Task prompt
Pictures aside, reproduce exactly and only the lines below, starting at the one containing "Make instant payroll updates" and ending at the last line.

Source material
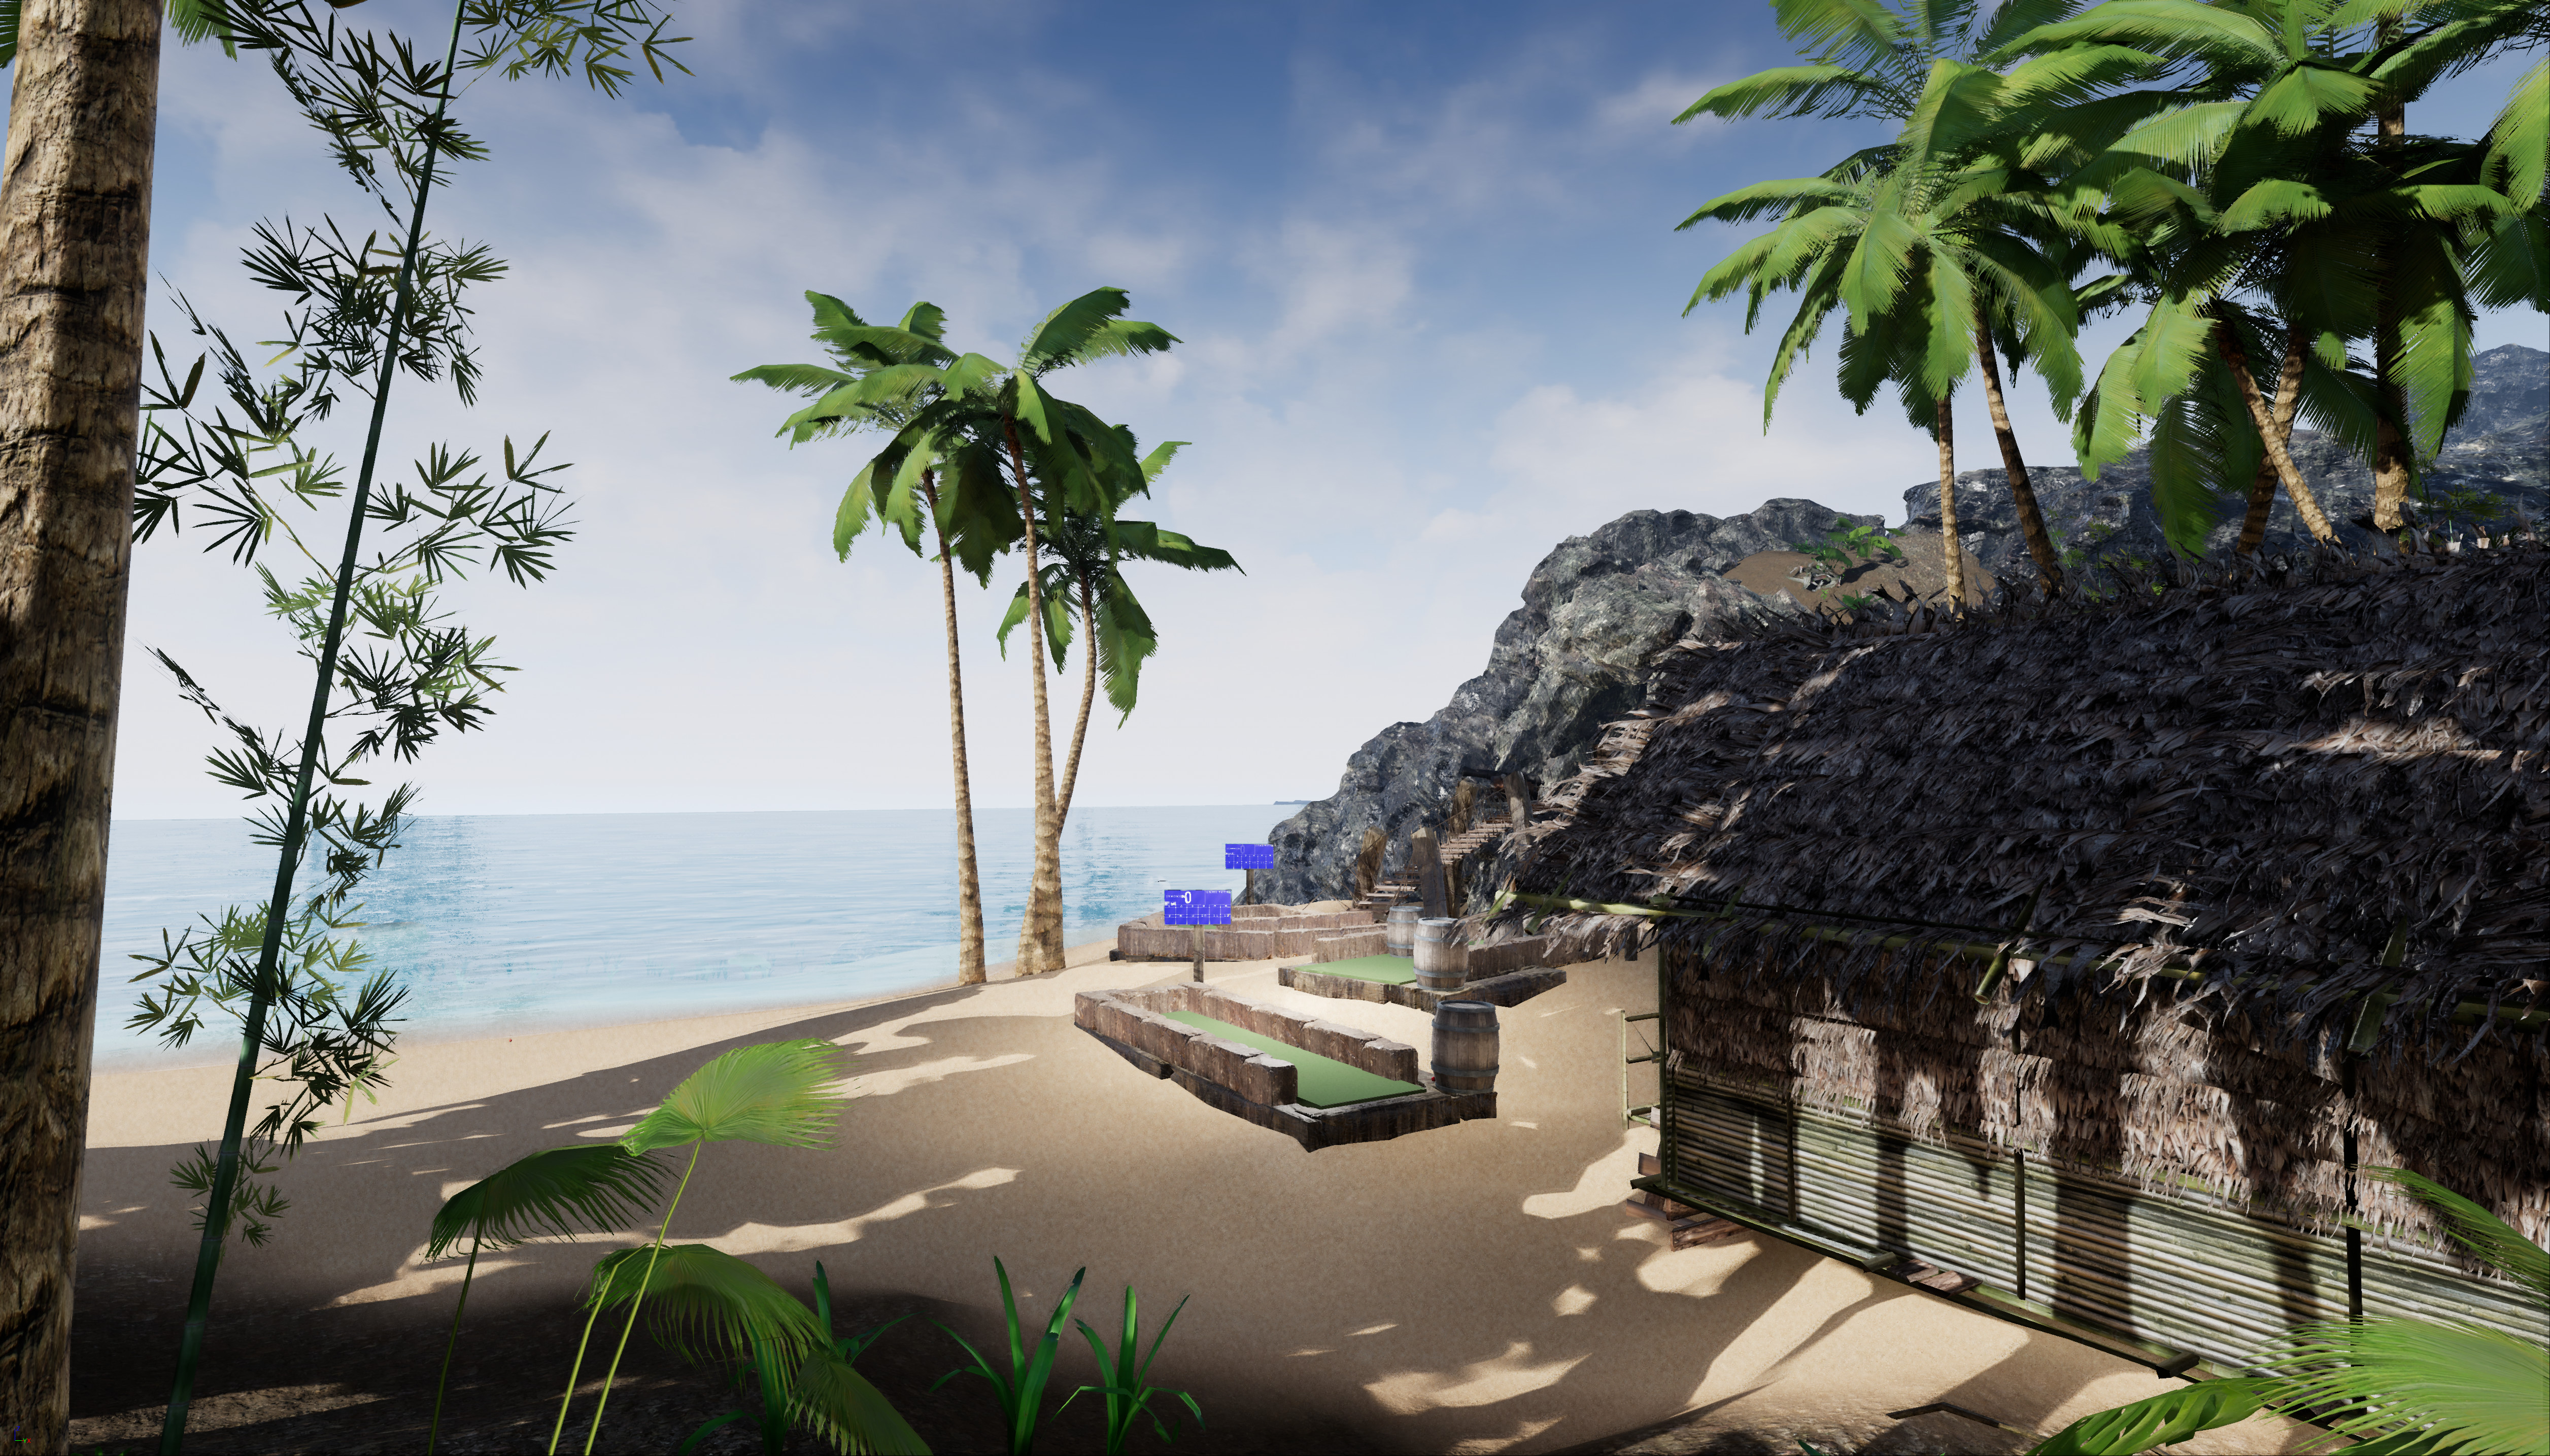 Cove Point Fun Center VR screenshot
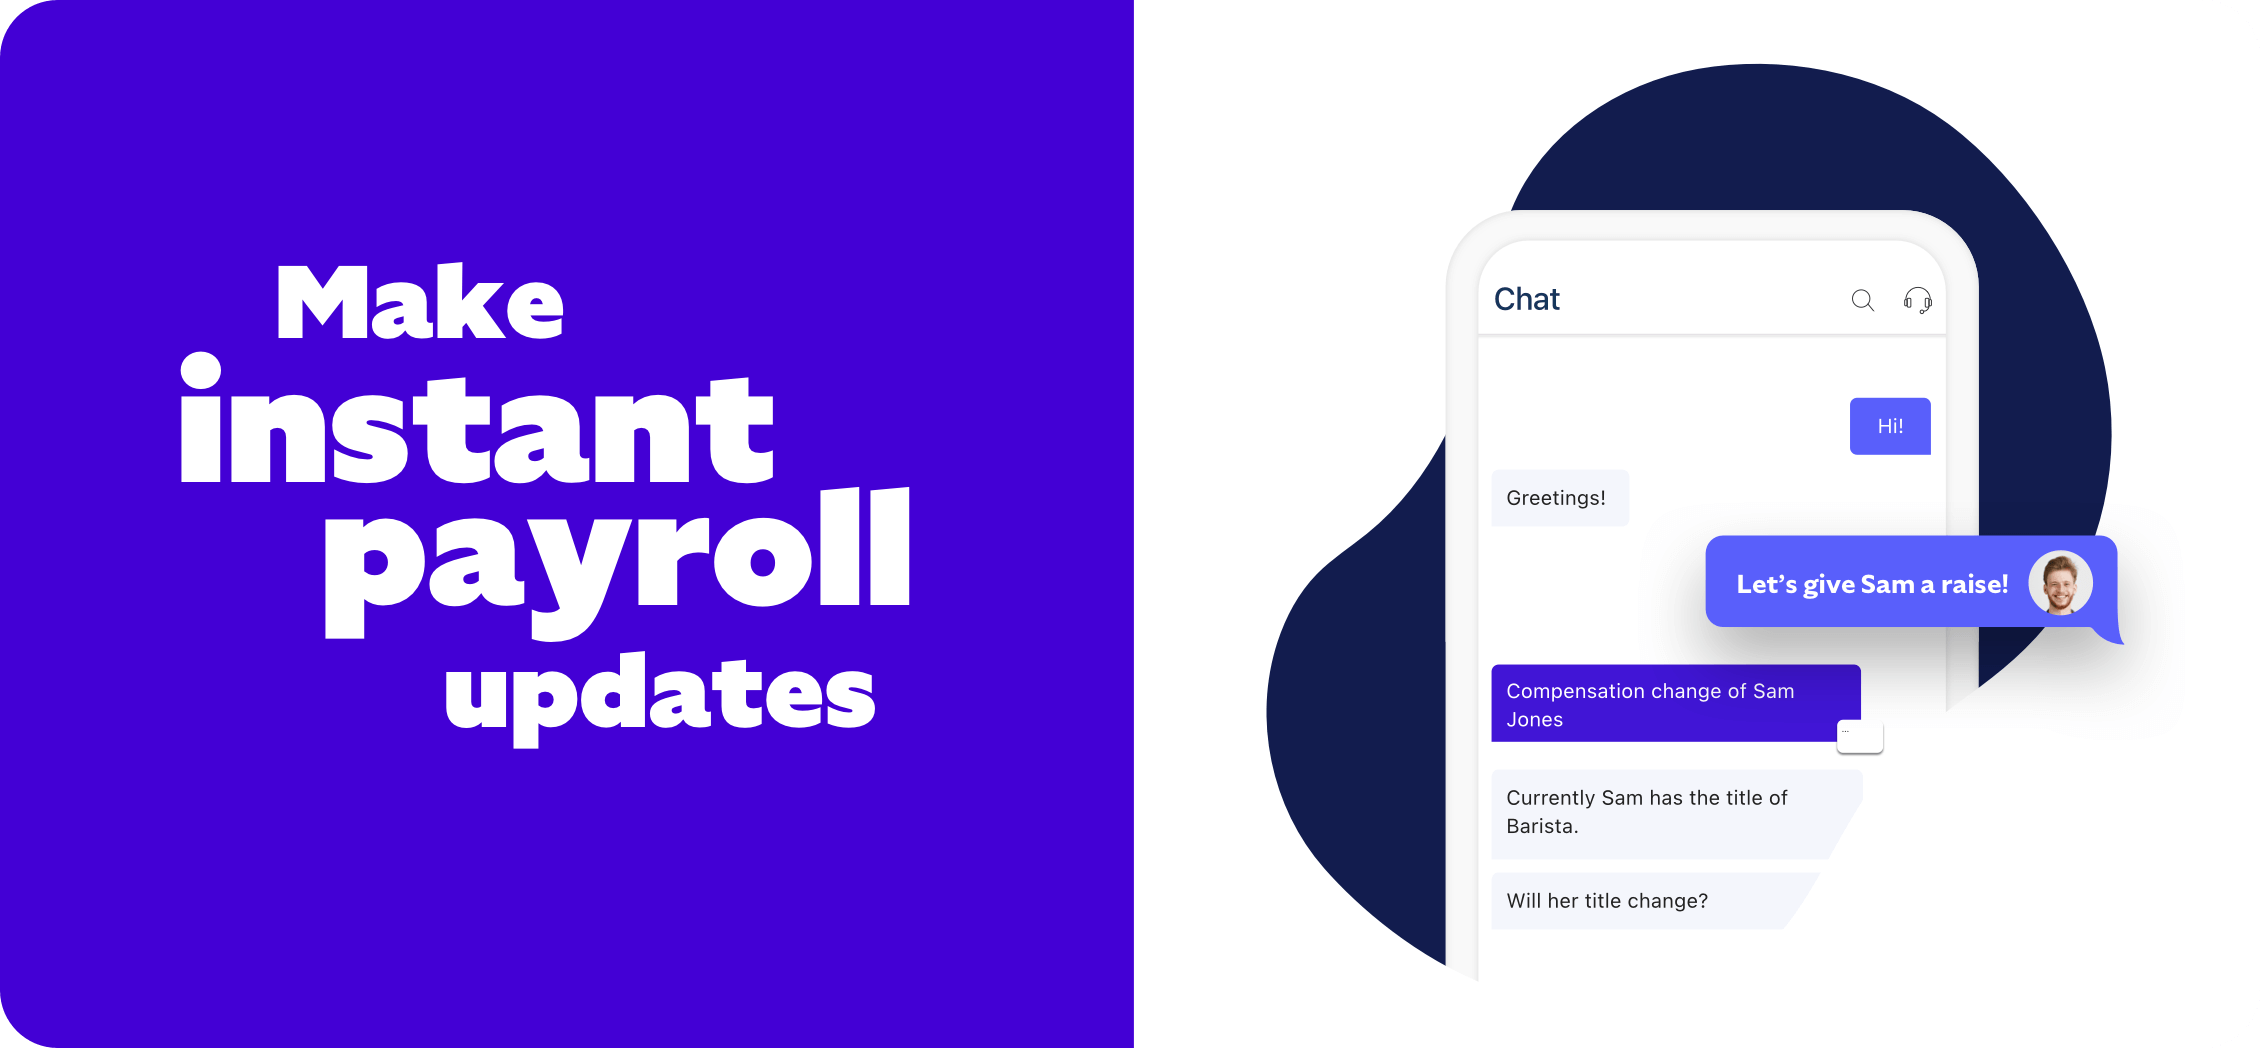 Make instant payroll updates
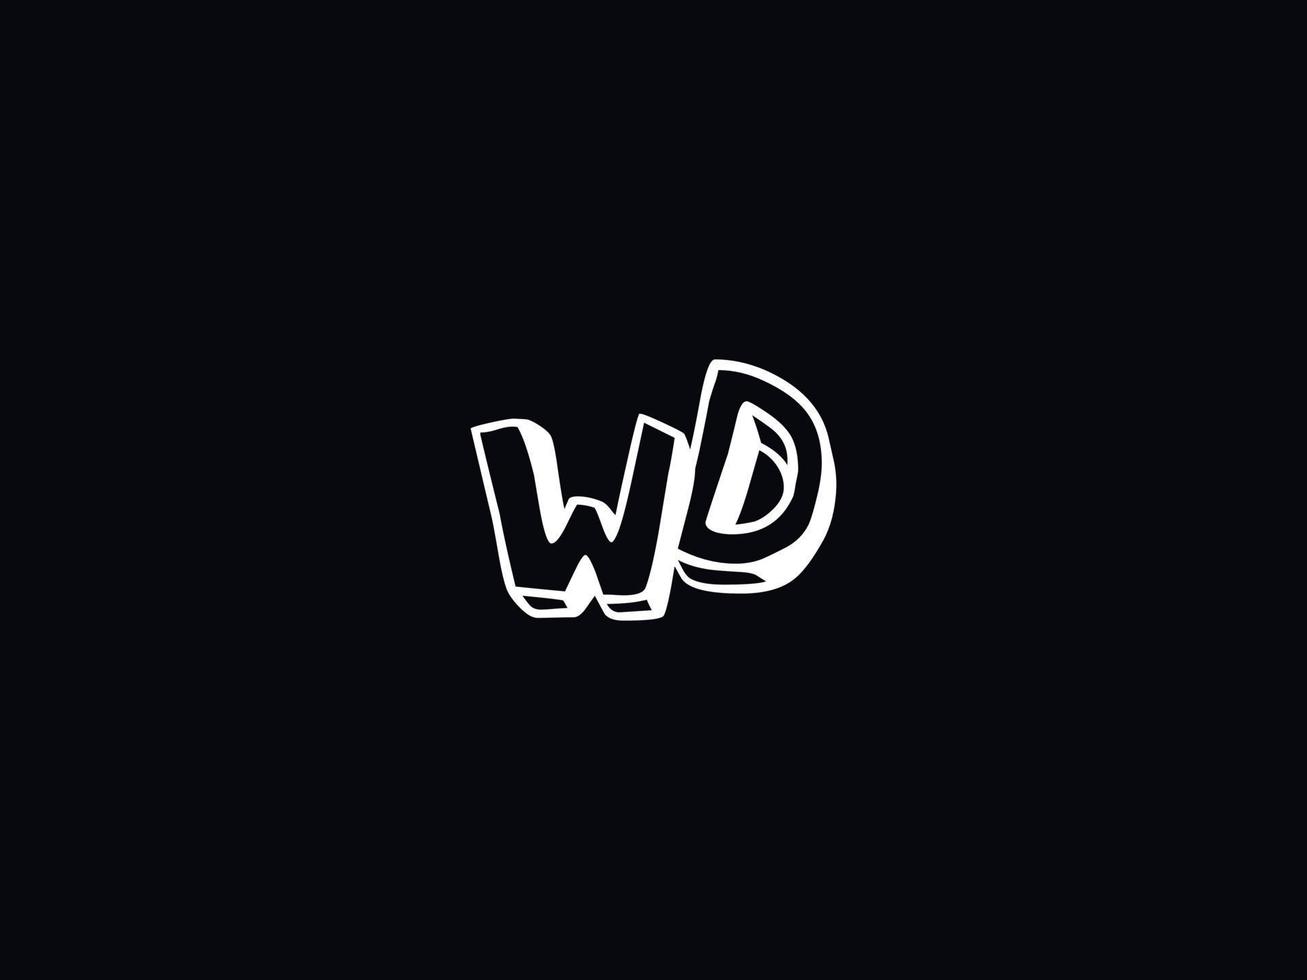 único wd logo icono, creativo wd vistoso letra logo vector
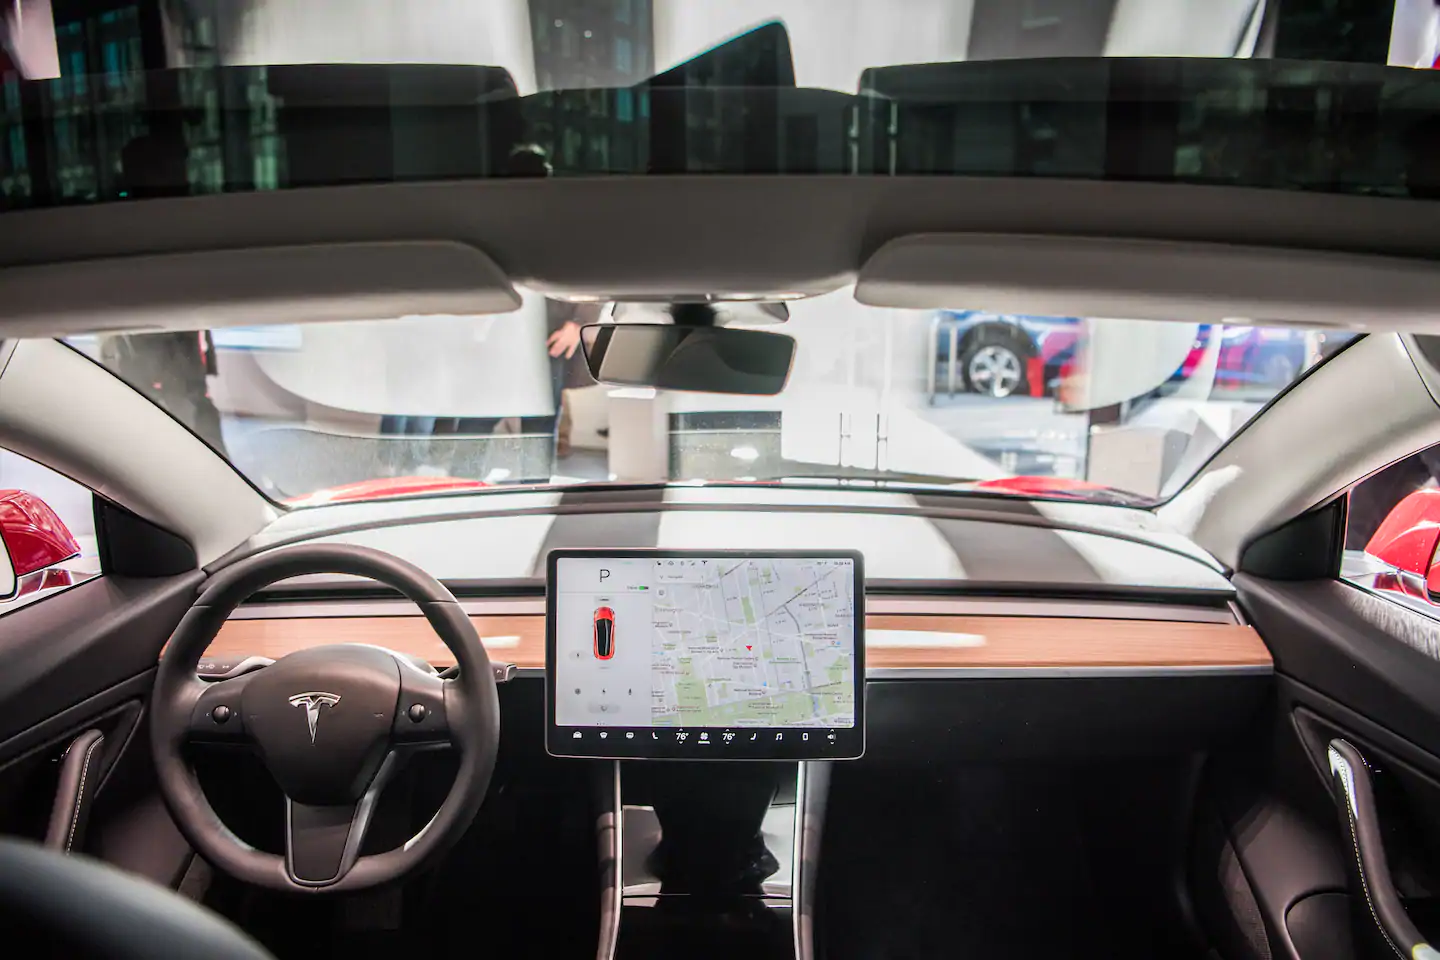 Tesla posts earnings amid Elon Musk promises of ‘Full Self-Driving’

The completed task
 Make instant payroll updates
 único wd logo icono, creativo wd vistoso letra logo vector
 Tesla posts earnings amid Elon Musk promises of ‘Full Self-Driving’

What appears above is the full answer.